It’s normal when building and optimising a product to take a look at how others have solved similar problems in the past. In fact, this is a critical part of the design and product research phase.
But be careful with assumptions like “Company XYZ does it this way, and they know their shit: they wouldn’t do it that way if it didn’t work, so we should do it that way too.”
I’ve heard PMs and designers say things like this all the time
, and although it’s tempting to believe when you’re under time pressure to ship, it’s rarely the right decision just to blindly copy the competition or whatever reference model you’re looking at.
The thing is: from the outside looking in, you have no idea why they decided to solve the problem in the way they did. You don’t know the context of their users and their business.
And you don’t have the data. You don’t know if it’s even working.
Maybe that solution isn’t performing at all and the product team hates it, but they haven’t had the resources or time to improve it yet.

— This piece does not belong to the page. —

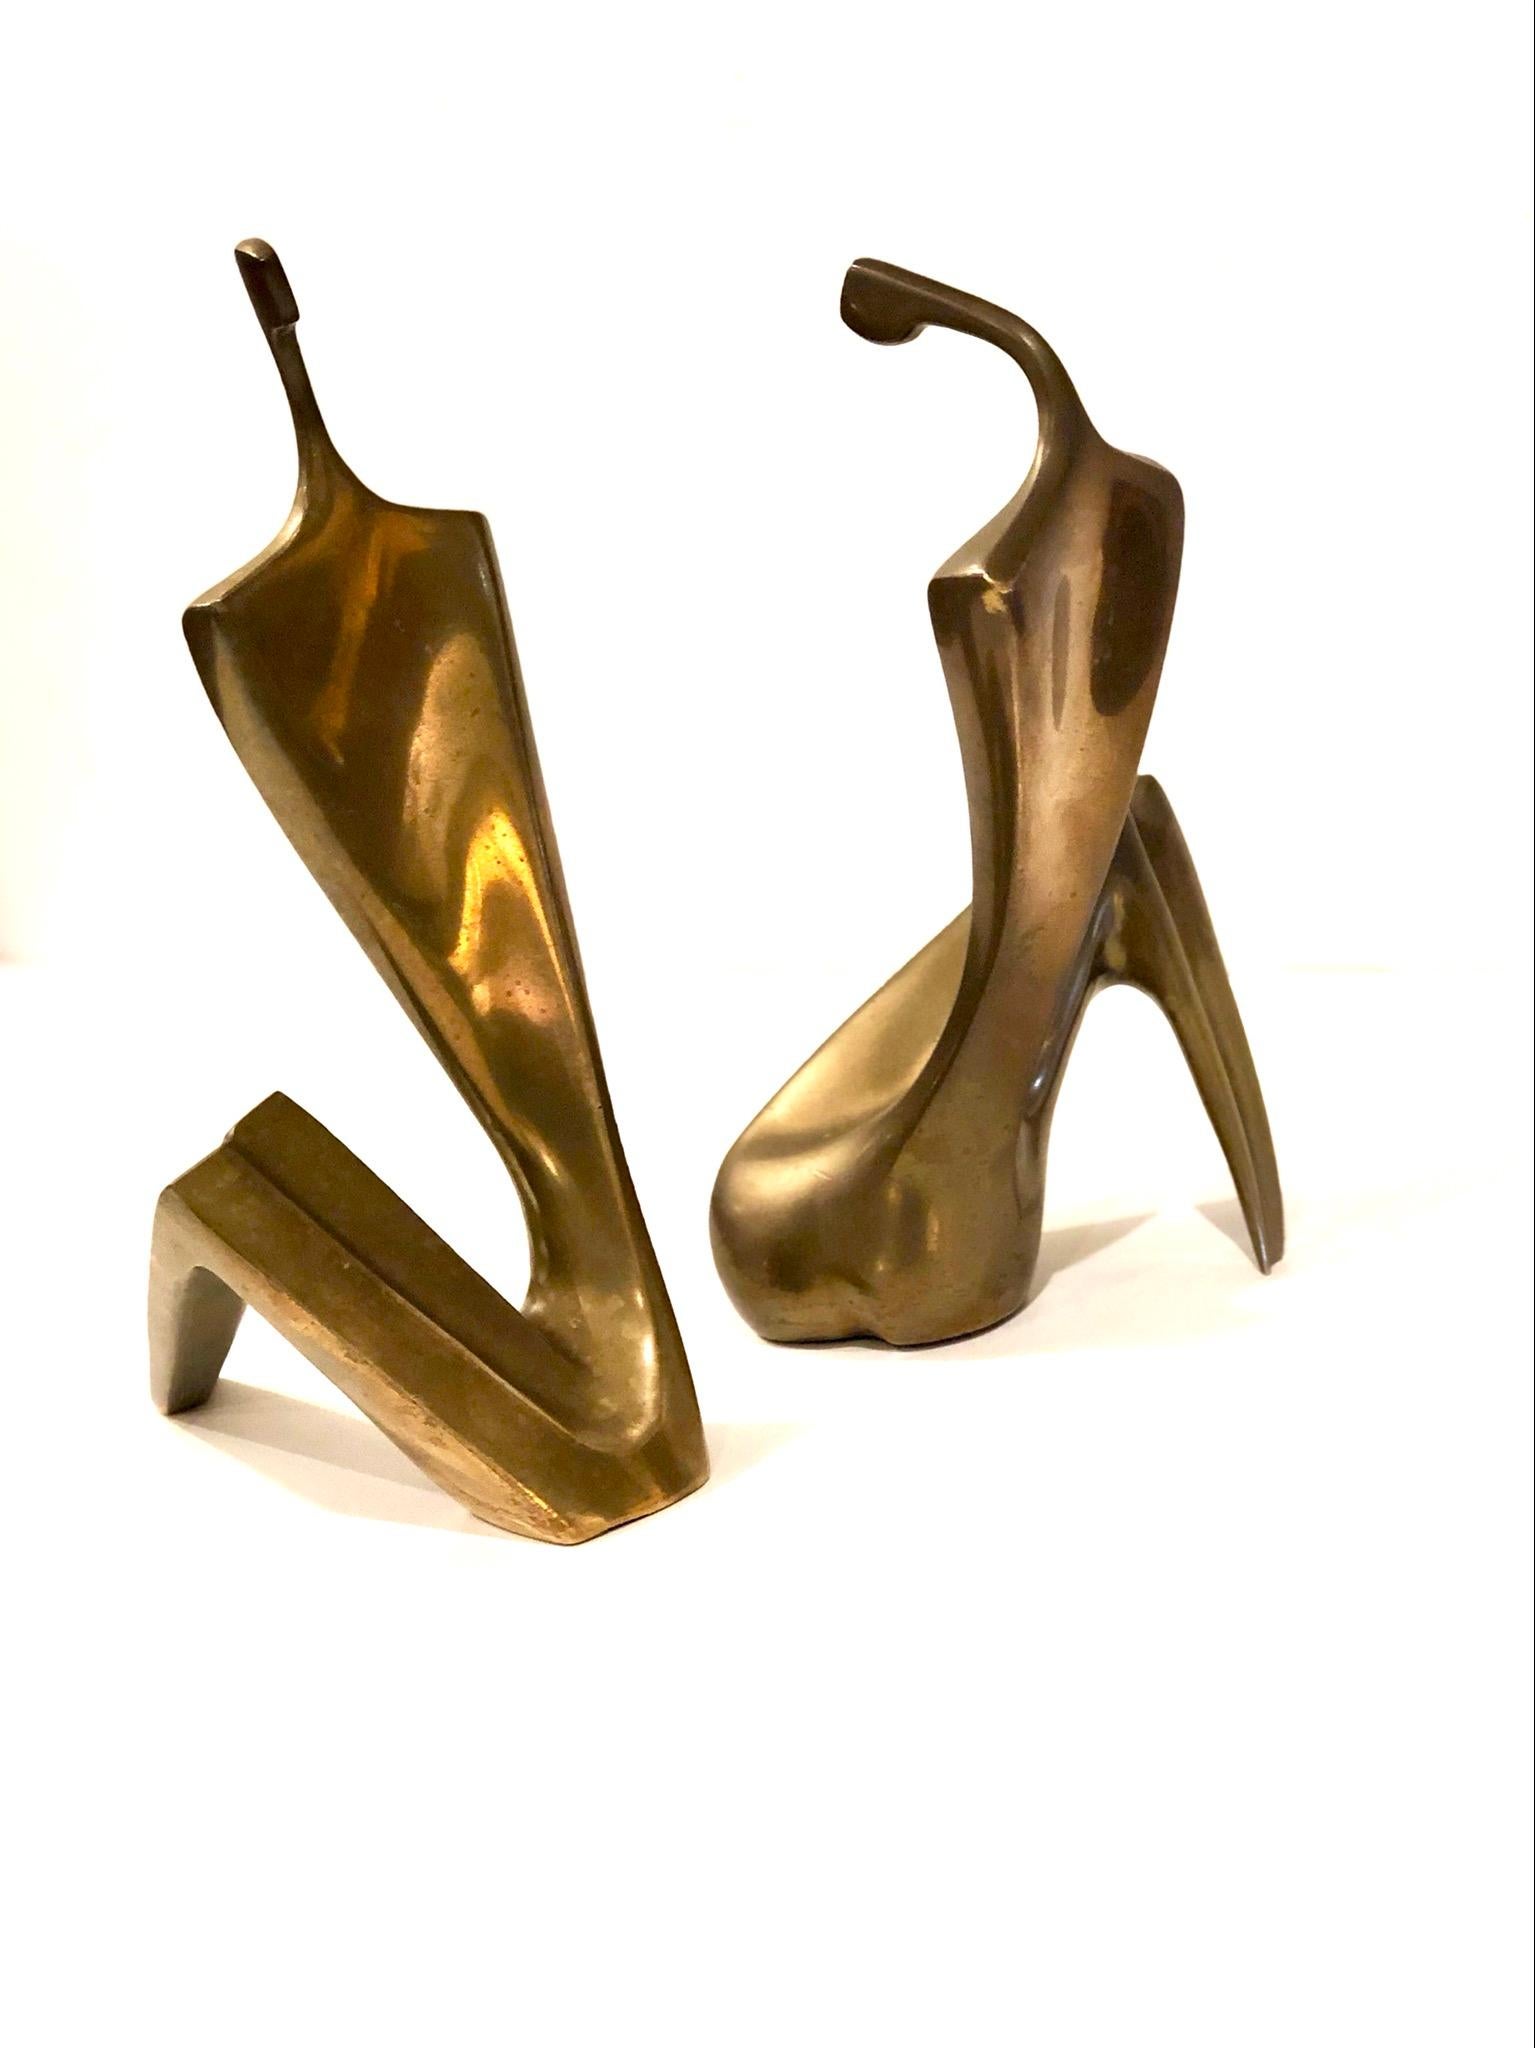 20th Century Signed and Numbered Patinated Bronze Sculptures by Itzik Ben Shalom

You just don’t know.
Get inspiration from those who have solved similar problems before you. The product world is full of incredible people that ship innovative solutions every day, and it would be foolish not to learn from that. And yes, there’s no point re-inventing the wheel. But remember that not every wheel fits every vehicle. Implementation and context is everything.
So don’t copy blind. Don’t assume it will work for you directly. Learn from the best; then make your own decision. Then instrument with good analytics, measure and iterate.